**SOURCE RECORDS**.
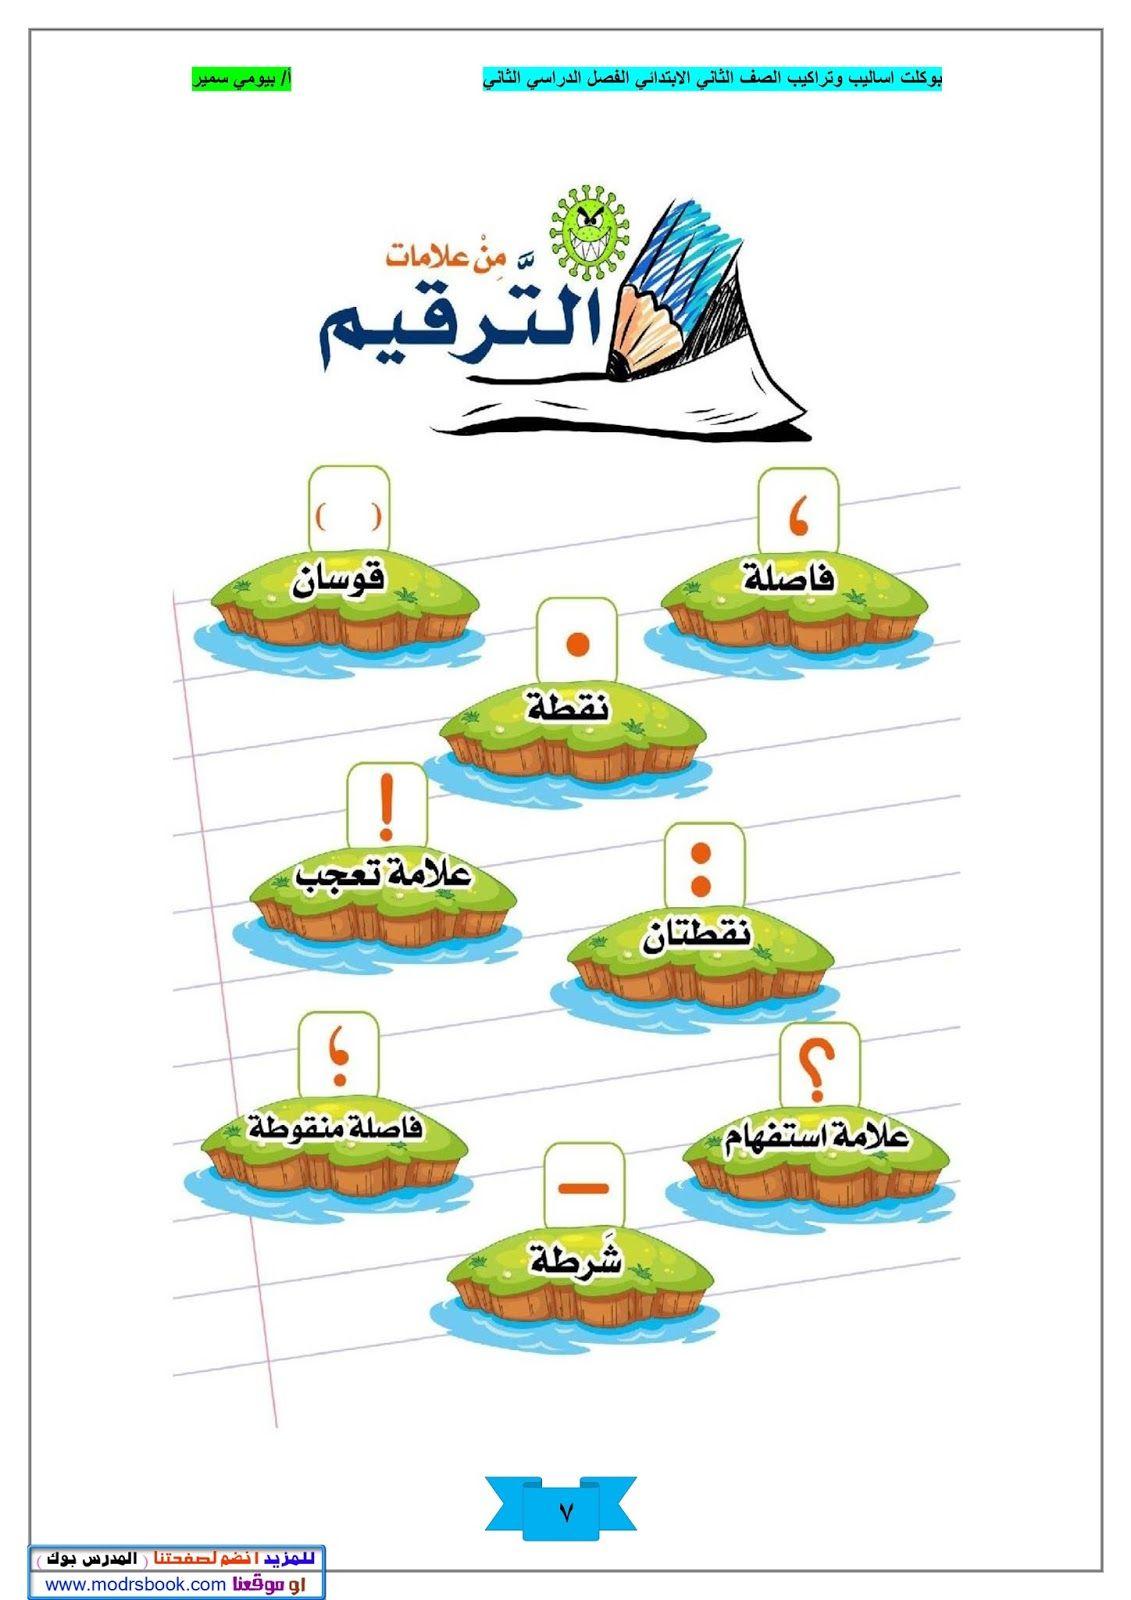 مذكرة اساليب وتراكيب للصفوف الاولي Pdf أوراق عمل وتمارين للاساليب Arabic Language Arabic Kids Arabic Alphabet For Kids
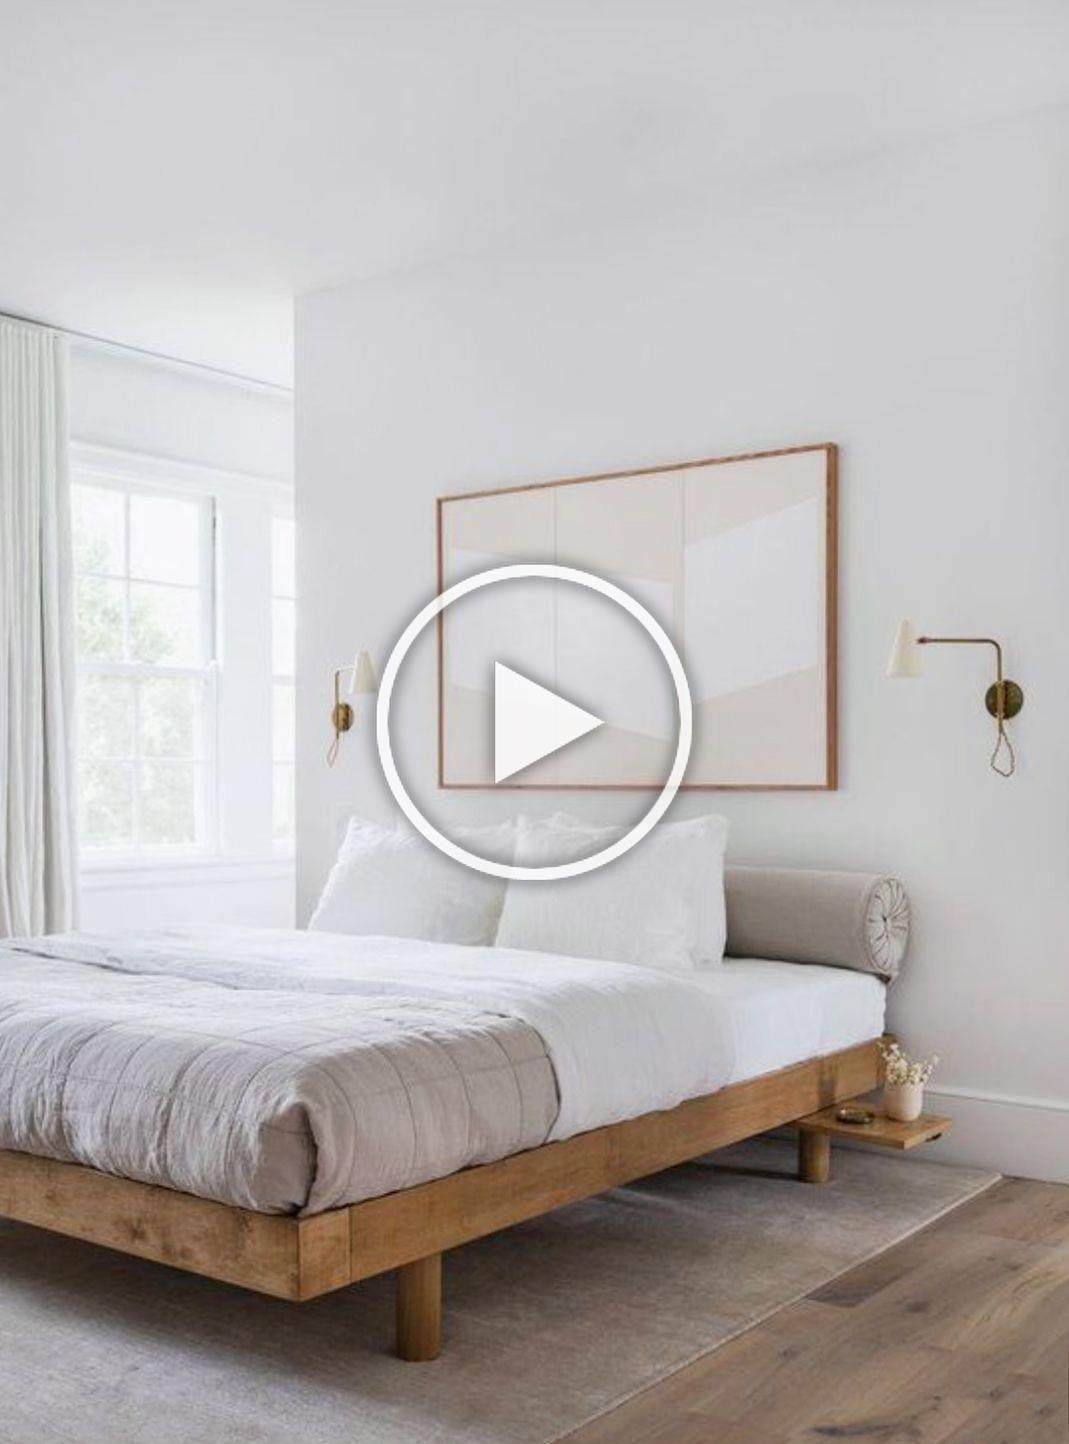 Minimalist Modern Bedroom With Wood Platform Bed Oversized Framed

* * *

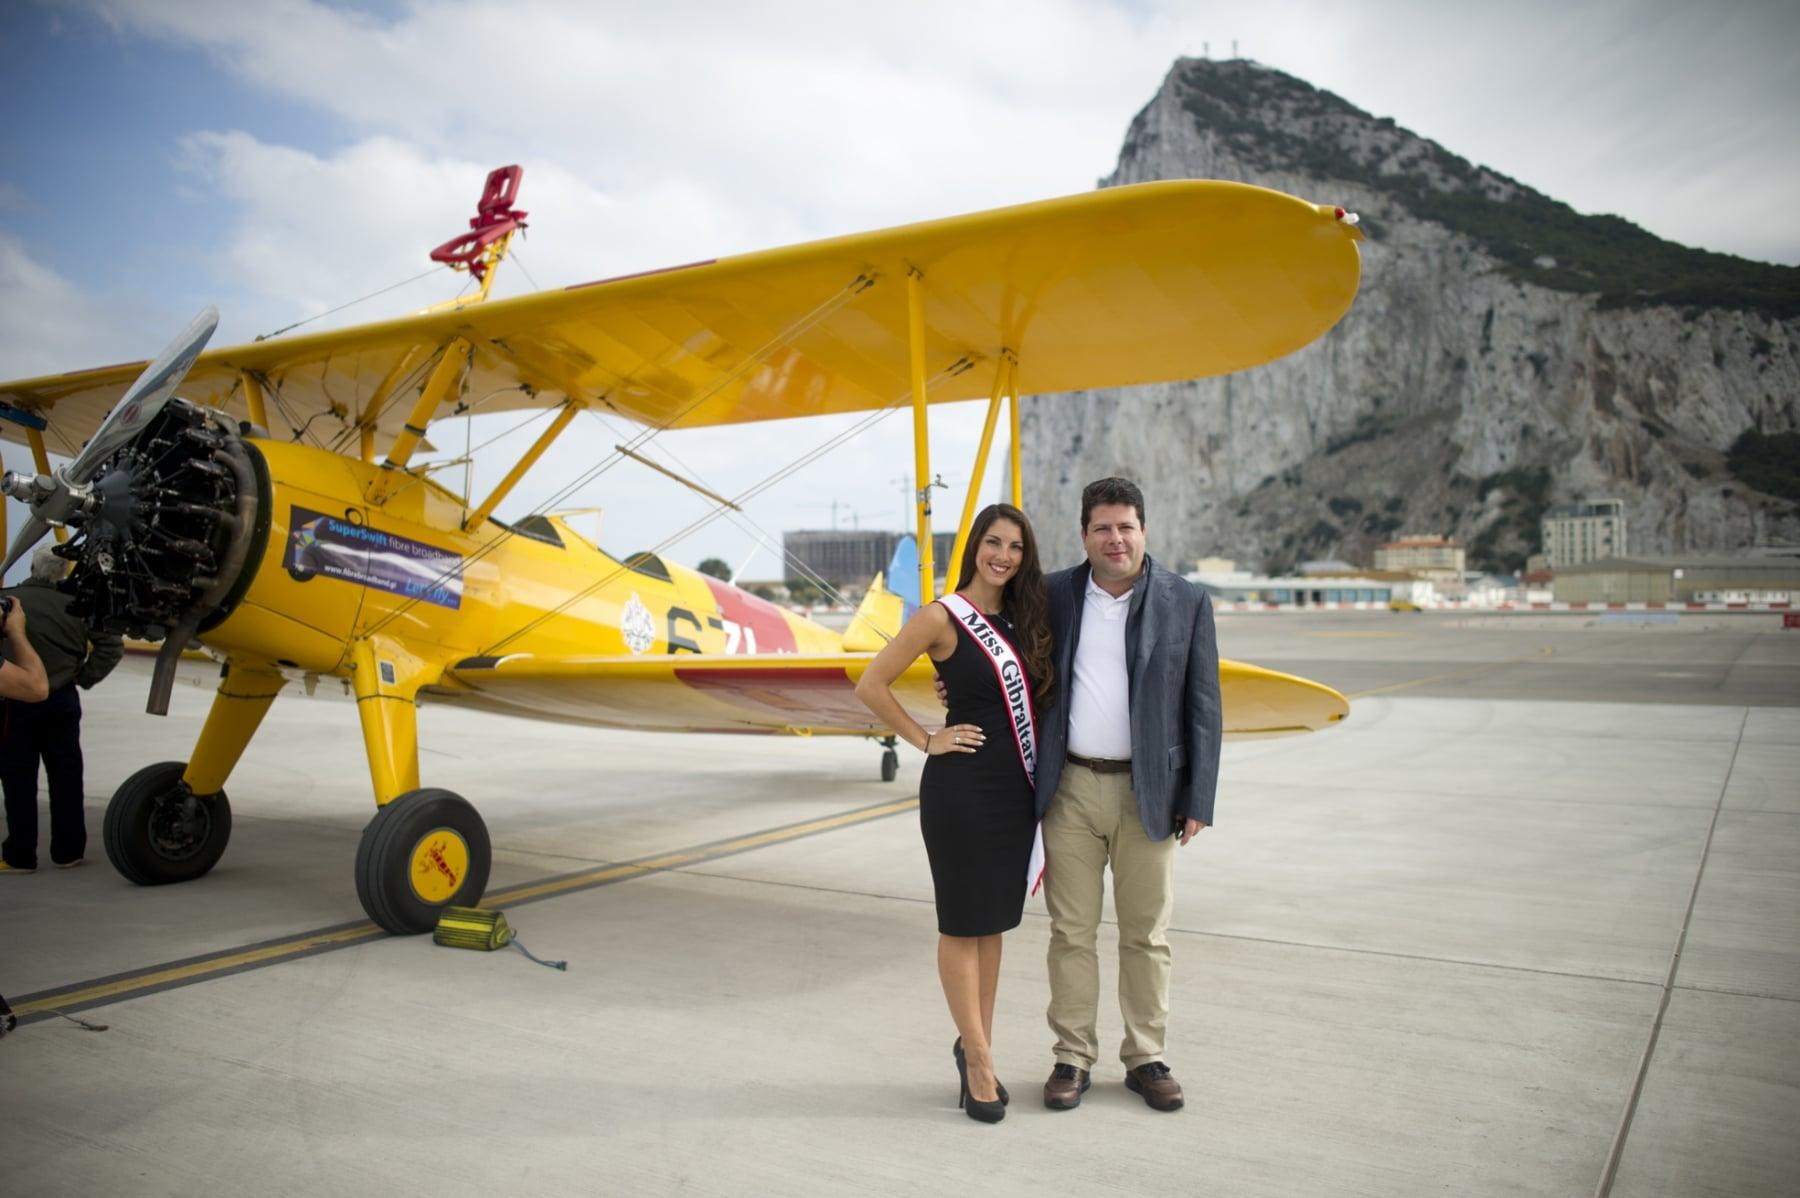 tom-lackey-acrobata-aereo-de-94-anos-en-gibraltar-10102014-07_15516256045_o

--

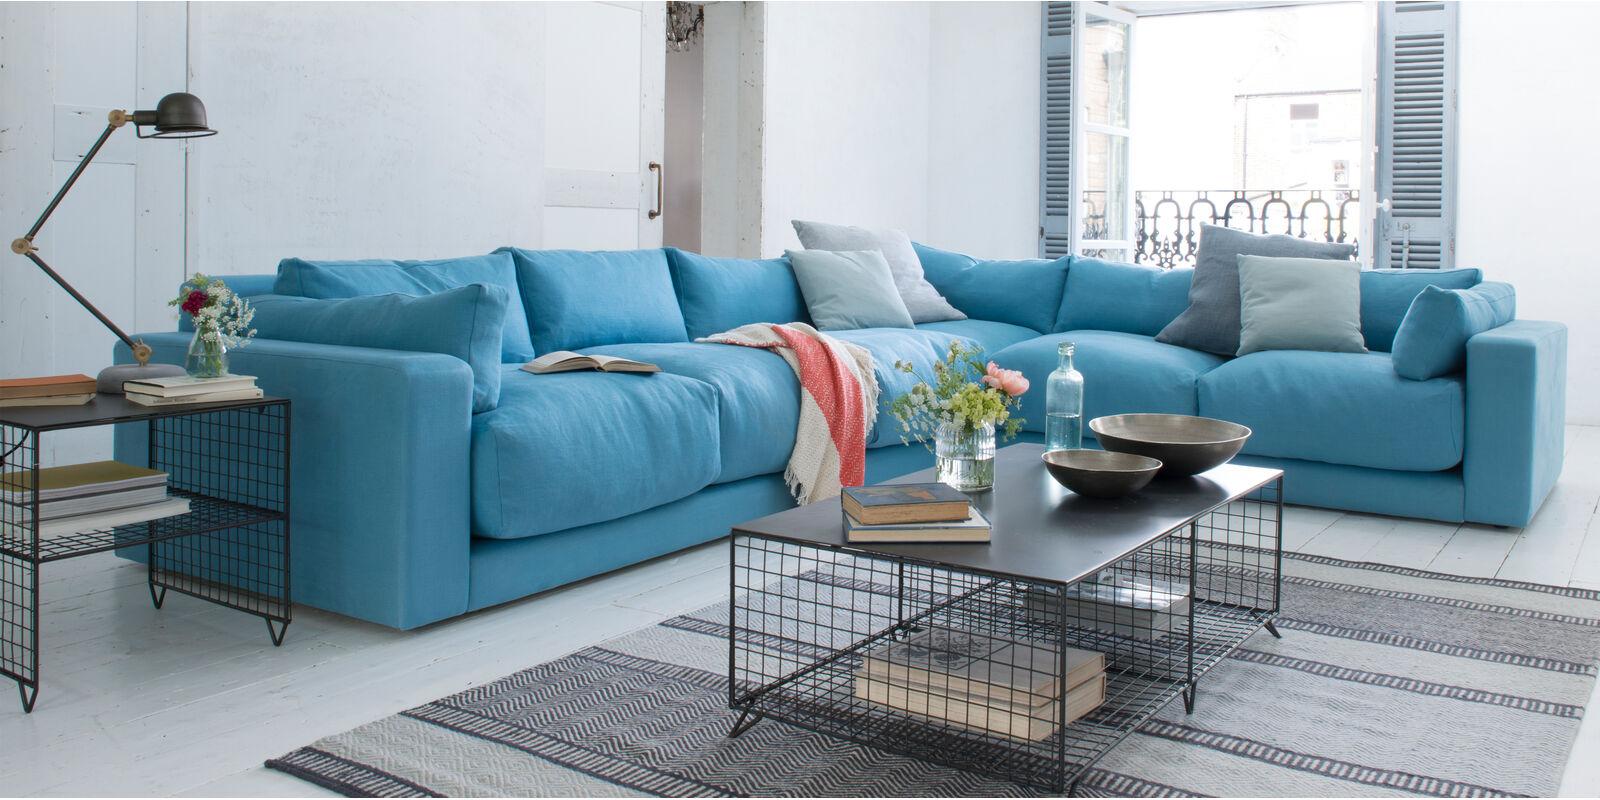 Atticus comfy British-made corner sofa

**TO DO**. Output exactly the lines above, beginning at the one with "مذكرة اساليب وتراكيب" and stopping after the one with "Minimalist Modern Bedroom". Pictures are to be omitted.

**PROBLEM SOLUTION**.
 مذكرة اساليب وتراكيب للصفوف الاولي Pdf أوراق عمل وتمارين للاساليب Arabic Language Arabic Kids Arabic Alphabet For Kids
 Minimalist Modern Bedroom With Wood Platform Bed Oversized Framed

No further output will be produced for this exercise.